If not I will have to hit the internet, but here's hoping.
 
it would not be unreasonable for a plant etracxt to have these properties.

I haven't done the work, but it is plausabe.


V
 
Of course, in a test tube, but you are supposed to eat this stuff, it's good for what ails you. It can help with, not cure, but help with the following, but is not limited to the following:
AIDS
anthrax
chicken pox
cholera
cold sore
diptheria ebola sudan virus
hepatitis A,B,C
lyme disease
measles
athletes foot
common cold
e. coli
shingles
polio
etc.
 
If you eat it I doubt the chemicals and enzymes would survive the stomach. I was thinking of a topical treatment.



V
 
All those idiots dying of AIDS. All they had to do was eat of couple of olive leaves and survive just fine.

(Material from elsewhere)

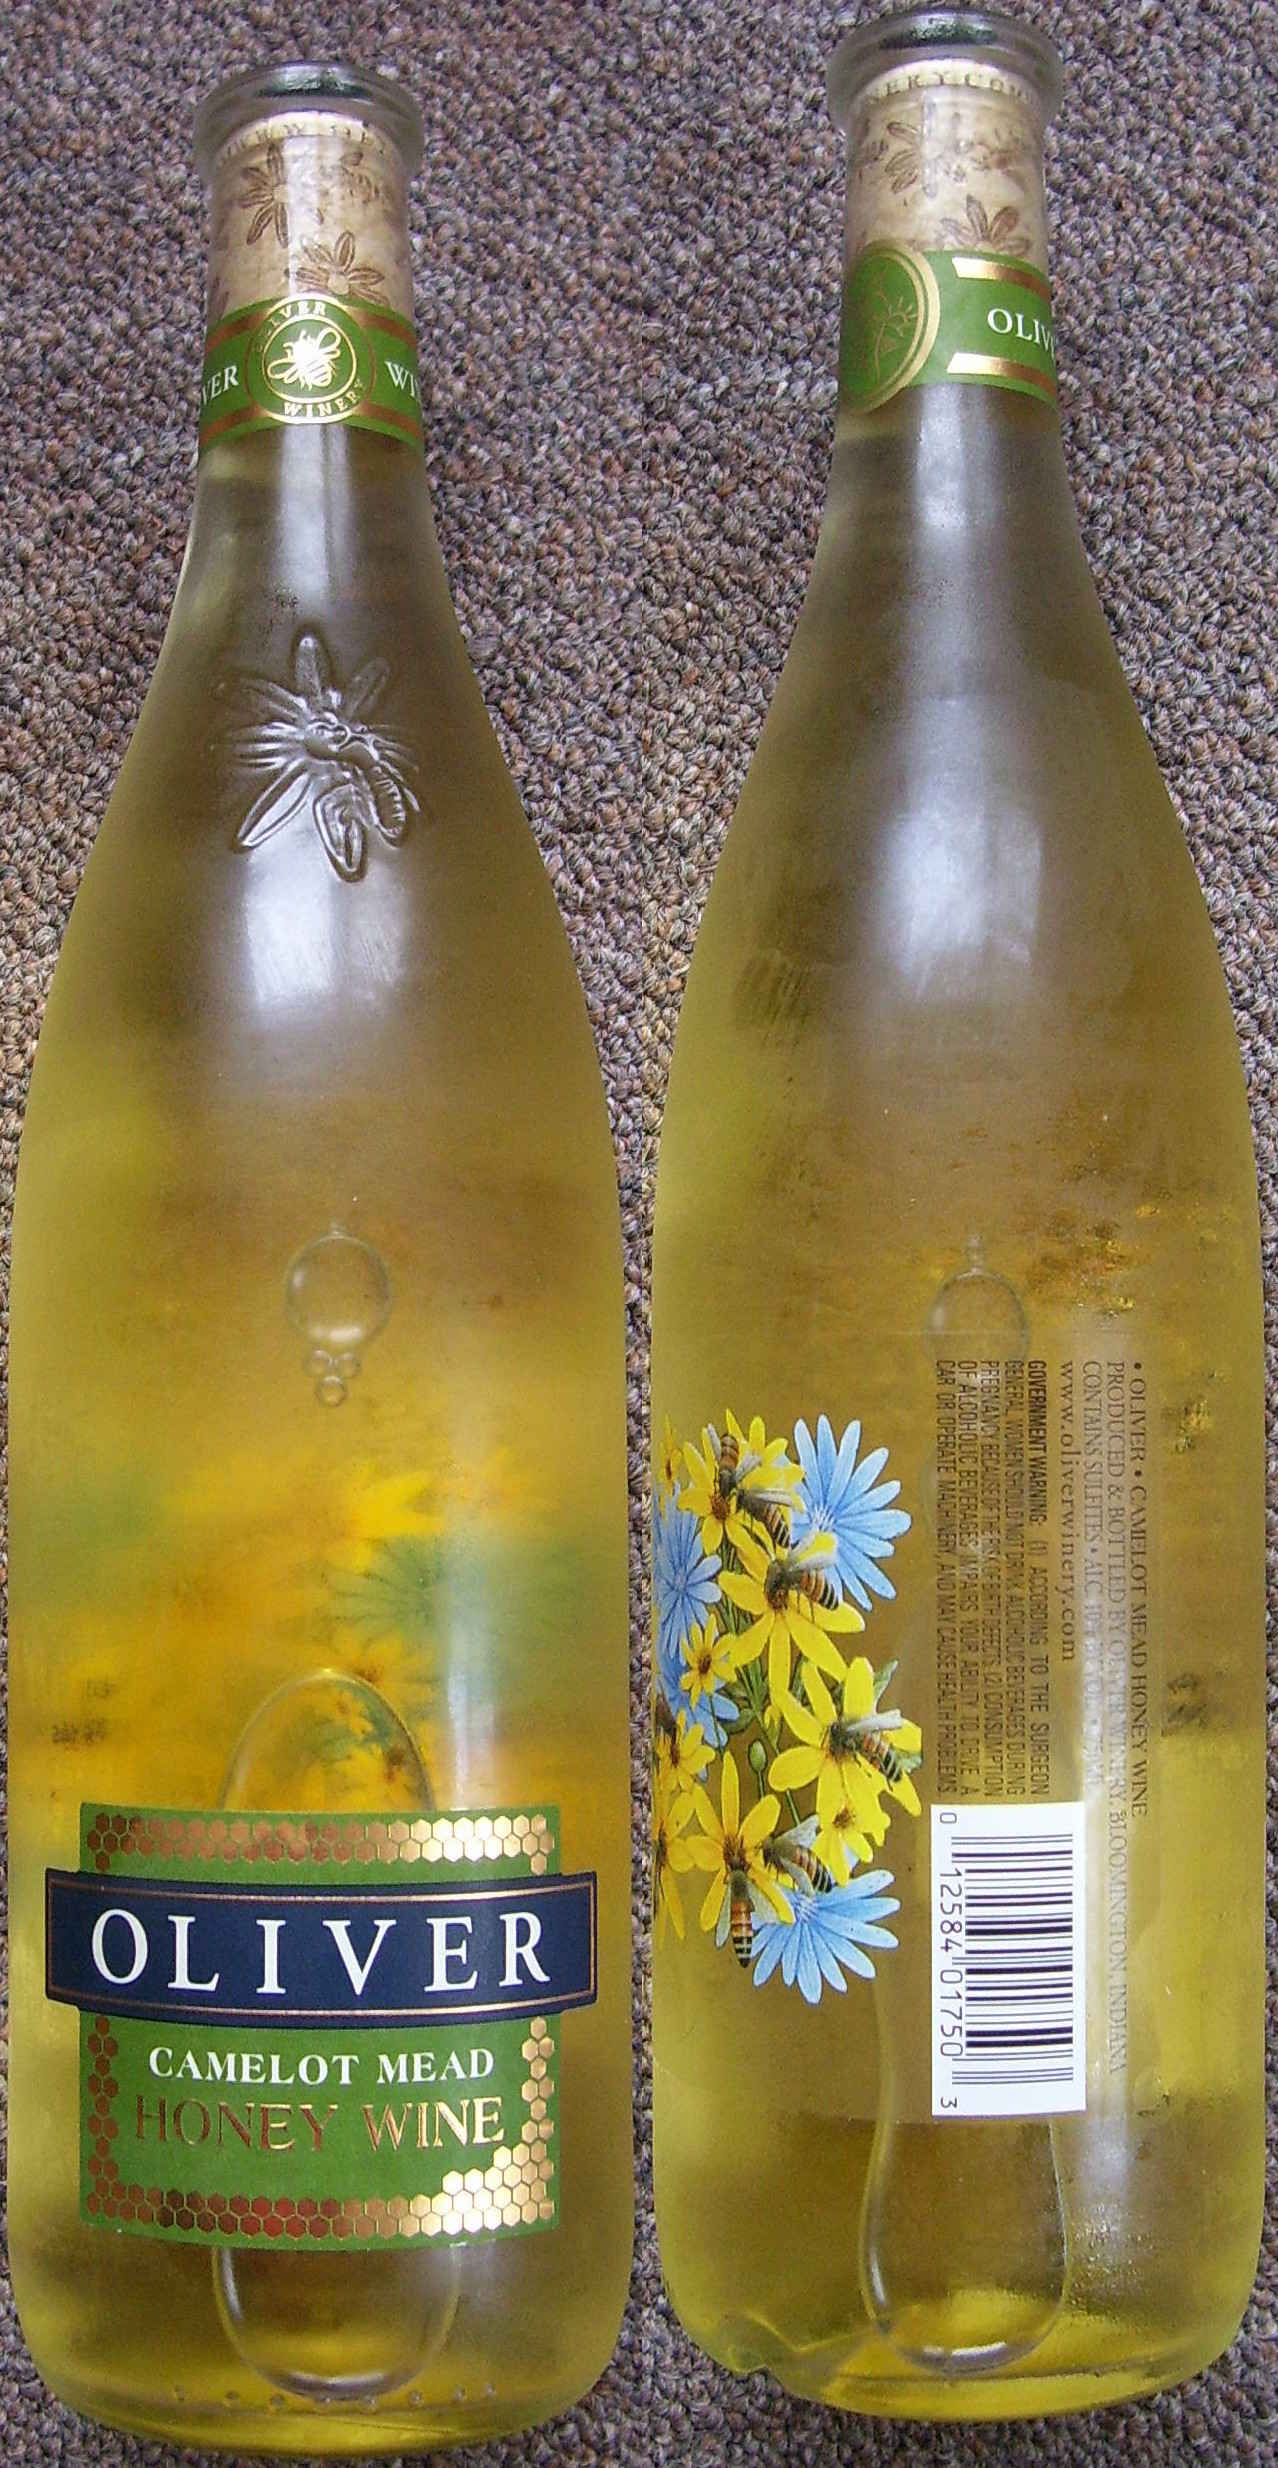 Camelot Mead, front/back

Or not. ;)
 
olive leaf

Hallo :)

A quick googling turned this up:

http://www.google.dk/search?sourceid=navclient&ie=UTF-8&oe=UTF-8&q=olive+leaf+extract

And also this:

http://www.nutriteam.com/oliveleaf.htm

Apparently it maybe beneficial because of its antioxidant
effects (to the user).

Whether this this is true (or false) I don't know.

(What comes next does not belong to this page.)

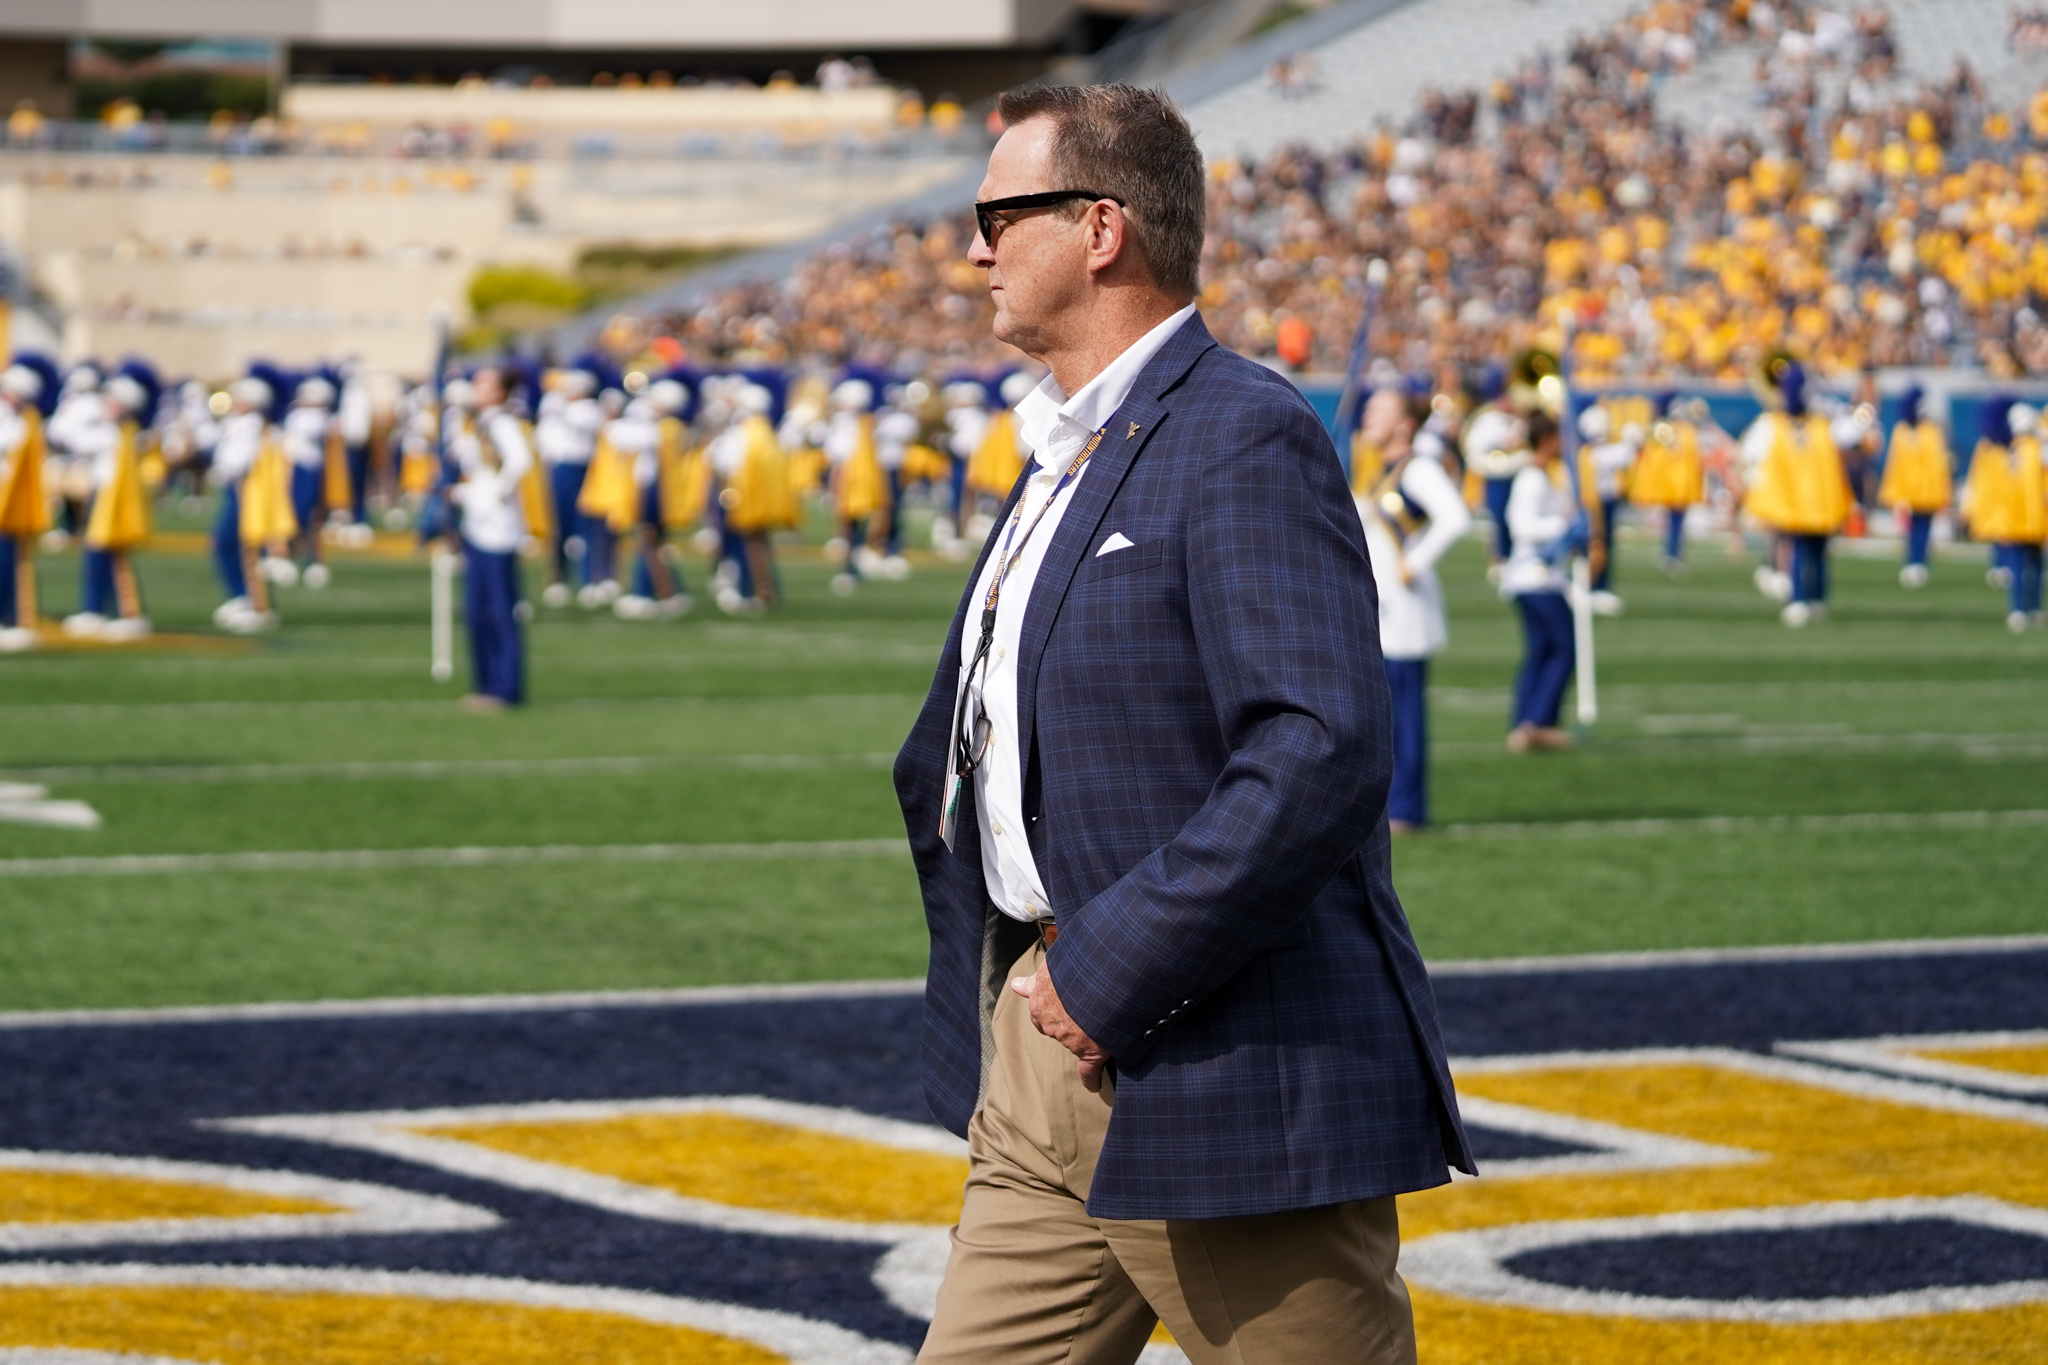 WVU begins national search for athletic director as Lyons departs

Also, I don't know of any (independent) study (=doubleblind etc.)which demonstrated (or proved) by evidence based proof that by taking (eating, digesting or otherwise using this product)

olive oil extract you apparently can reduce pains and ailments for the mentioned diseased ranging from aids to the common cold.

It would be interesting, though, to see (or to make) such a study.

Yet, I do not currently know of such study.

aries
 
I braved the horrors of pub med, searching through pages of dry technical stuff, only to find the anti-bacterial properites of this stuff have only been tested in vitro so I looked up the word in vitro and found out it means in the test tube, there are no studies for the in vivo abilities of it. in vivo means in the body.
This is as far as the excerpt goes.